Some families described hasty assessments done over Zoom, without deep discussions about alternatives and supports families could offer to help, and “what felt like a rapid assessment-to-provision timeline, which contributed to concerns that MAID may have occurred prematurely.”

Canada’s law requires two assessors to agree a person is eligible for MAID. But some families said the second assessor seemed to simply “rubber stamp” the first assessor’s decision.

Concerned were raised about the accuracy of assessments, including whether mental health issues were fully addressed. A two-page list compiled by one family of their father’s history of depression, suicidality, personality traits and other suspected mental illnesses was largely ignored.

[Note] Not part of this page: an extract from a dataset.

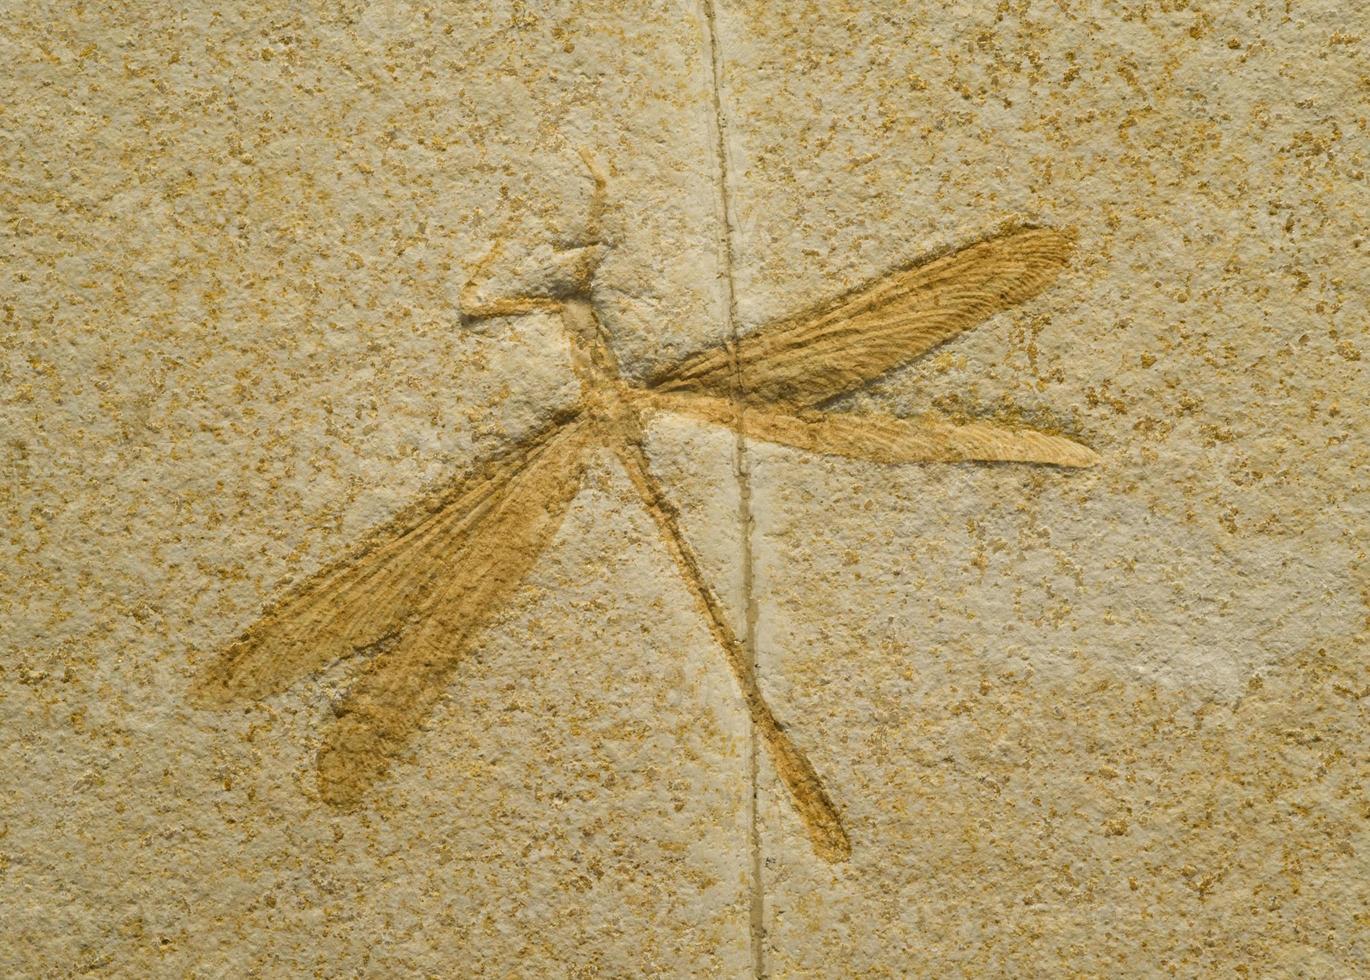 Fósil de una libélula. foto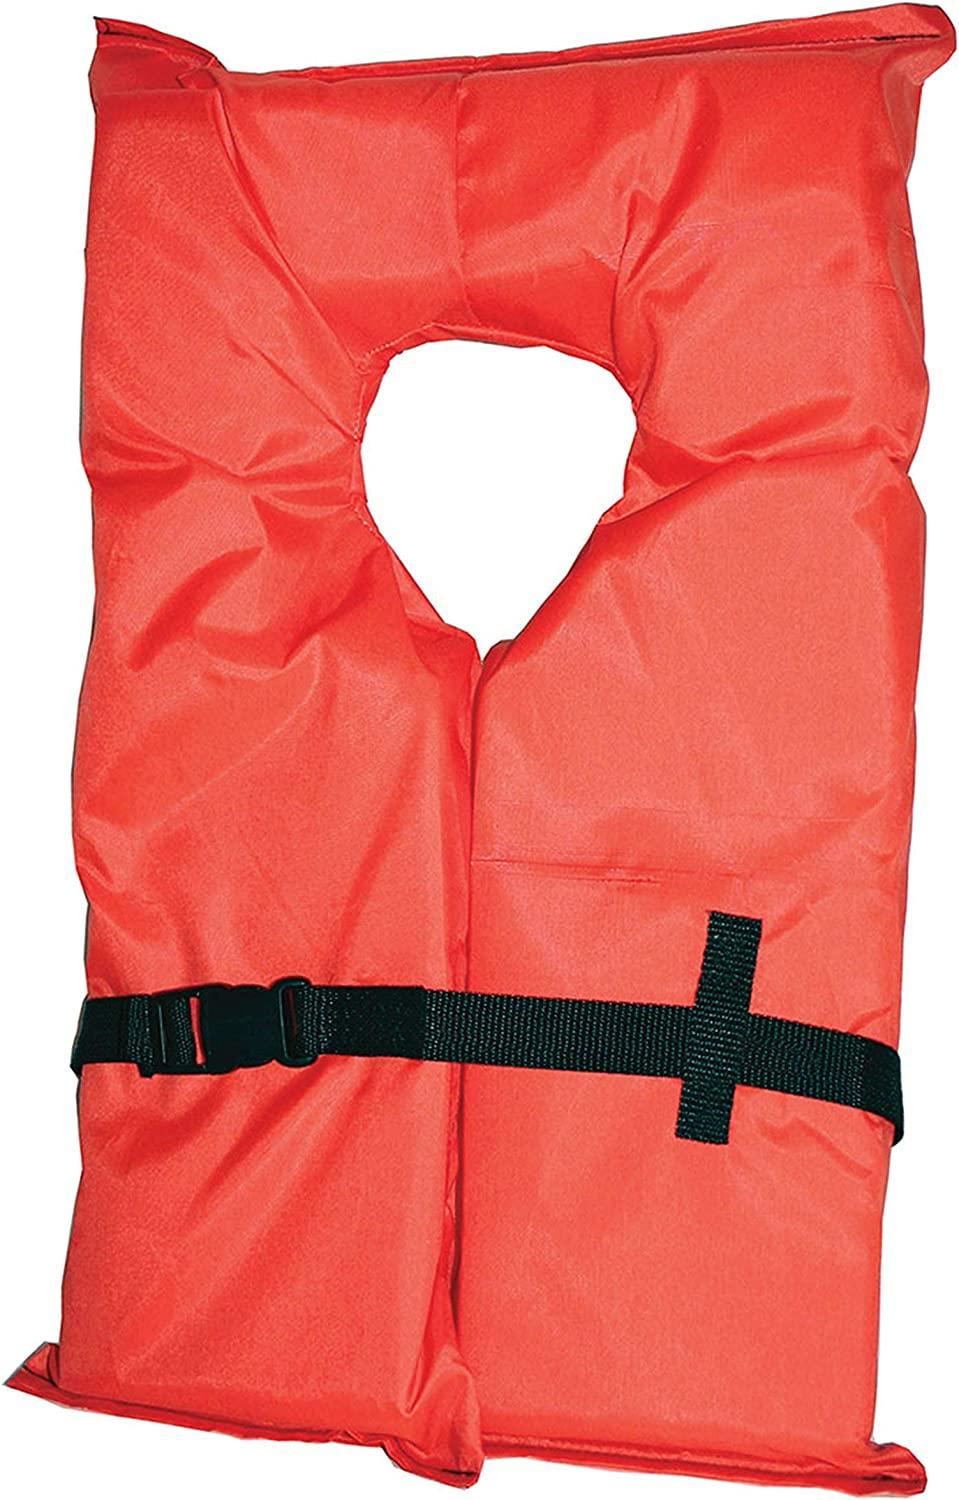  Kent Onyx Adult Oversize/Super Largetype 2 Uscg Approved Life Jacket, Orange (102000- 200- 005- 12)

Several families described being ill-prepared for the day of the MAID provision. “I was somewhat traumatized. Not somewhat. I was,” one said.

“I was disturbed at how long the process took. Yeah, how long the process took. And it’s very raw. Your first injection, second injection, third, fourth. It goes on.”

Some participants described dispassionate care and a “cold, uncaring, unempathetic” MAID provider. “Booking our MAID date was like booking a dinner reservation. So, it’s just all very, very, very impersonal.”

What one family found most off-putting was that the MAID provider seemed strangely “cheerful about it.”



Euthanasia covers a multitude of bureaucratic sins:

In Winnipeg, some patients are waiting 20 hours or more to receive care. On Thursday afternoon, the children's hospital CHEO in Ottawa had an estimated wait time of 15 hours and 47 minutes for non-urgent patients; in Summerside, P.E.I., the estimated wait time for non-urgent patients on Wednesday was more than 10 hours.

Meanwhile, the latest statistics published by Ontario Health show that patients who came to an ER in January and were admitted to hospital spent on average 20.3 hours in the emergency department before getting a bed in a ward. The average time spent on a stretcher in ERs across Quebec on Tuesday was 18 hours.

Doctors in Alberta have called for the province to declare a state of emergency over the overcrowding affecting emergency rooms, calling the situation a "crisis state."